When you’re four years old and heading off on important candy-gathering venture at Halloween, global warming seems like a pretty good idea. Global warming means you don’t have to wear an undershirt, six sweaters, and an overcoat with your costume. Outerwear is notoriously rough on angel’s wings and dampens the effect of a howling demon on passers by. Let’s face it. The Author of Death clad in a blue snowsuit and lambie mittens is just not as unsettling as initially intended.
So I never really had a problem with global warming until I reached a Responsible Age. Now I realize I probably caused the whole trouble myself. I produced two boys, gummily attractive in a no-teeth, drooly kind of way, who as babies seemed harmless enough sucking cereal from a spoon and wearing little diapers with cartoon characters printed in blue on the front. (How much trouble could a size zero hiney be, anyway? Of course now we have Paris Hilton, Allegra Versace, and pre-baby Nicole Ritchie to serve as benchmarks, but back then we just didn’t know.)

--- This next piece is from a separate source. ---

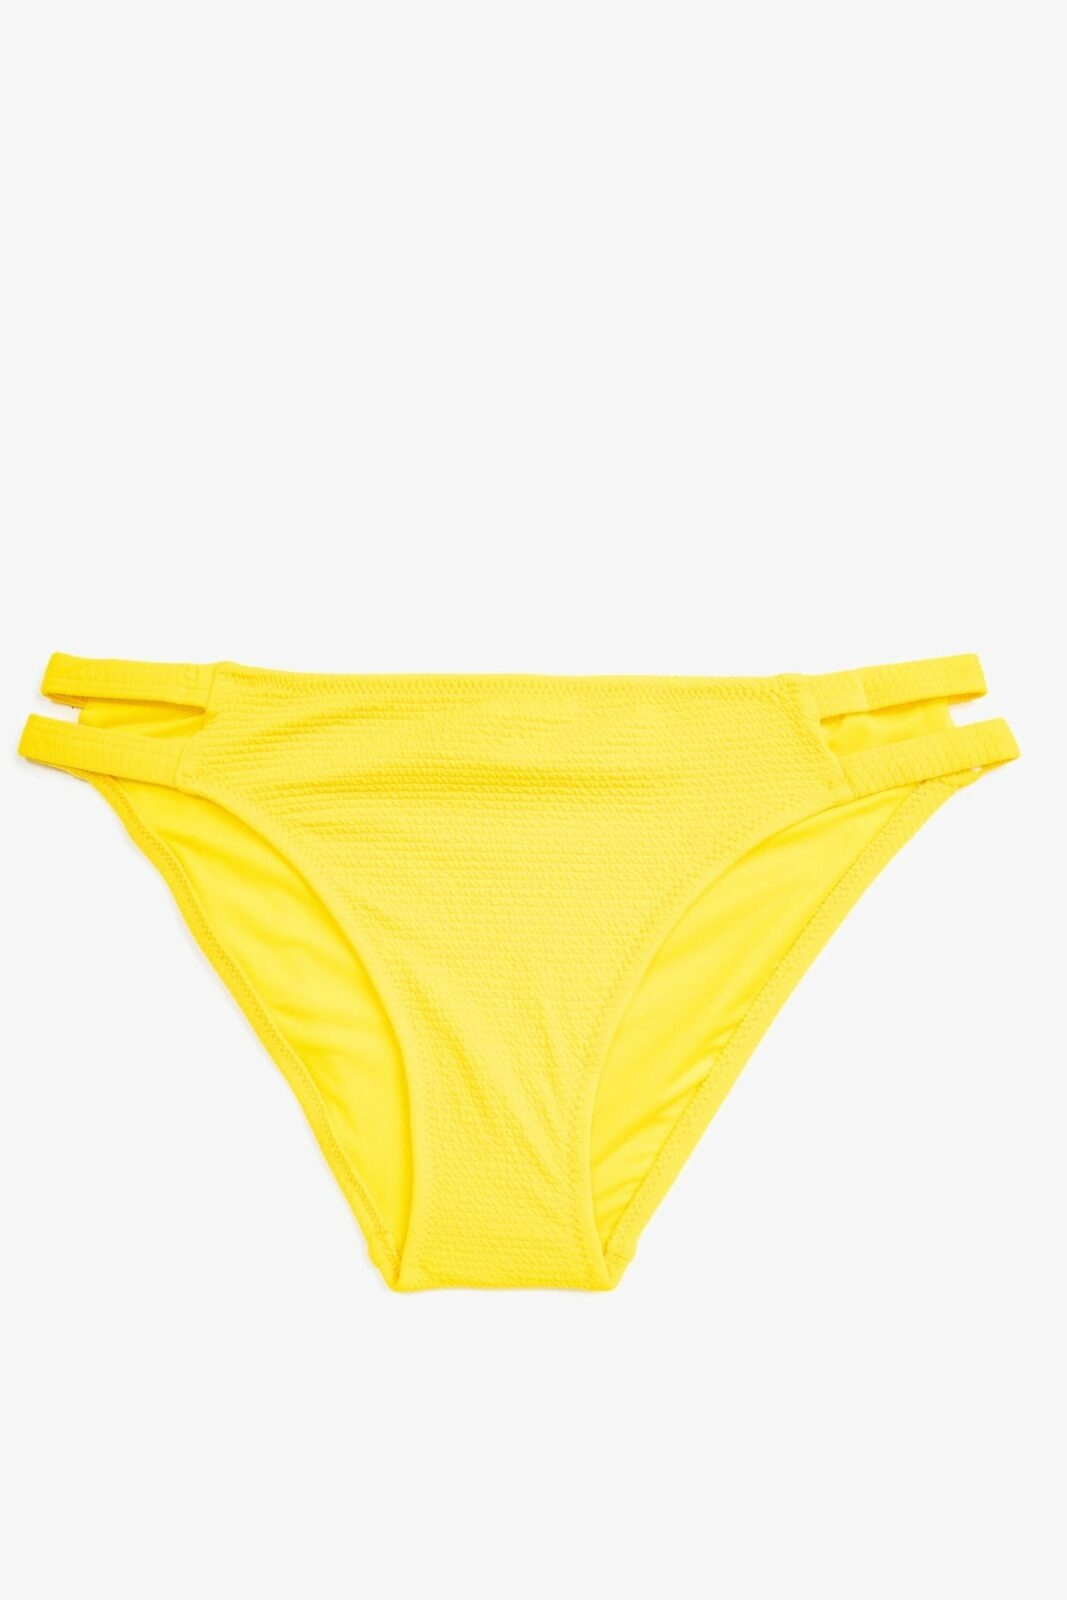 Koton Bikini Bottom - Yellow

Anyway, I’ve read about the amount of methane produced by all the cows in the world, except the ones in India that are sacred, and I think my guys can beat that number without straining. The three teenaged boys in the backseat (we threw in an extra cousin just to make it interesting) on the way to the Fair this weekend cheekily counted the number of times the term “excuse me” came into play. We were nearing triple digits, which even allowing for exaggeration and downright bragging, is a pretty impressive number. I’ve decided I’m going to give up raising children and buy stock in a dairy farm. It’s easier on the environment.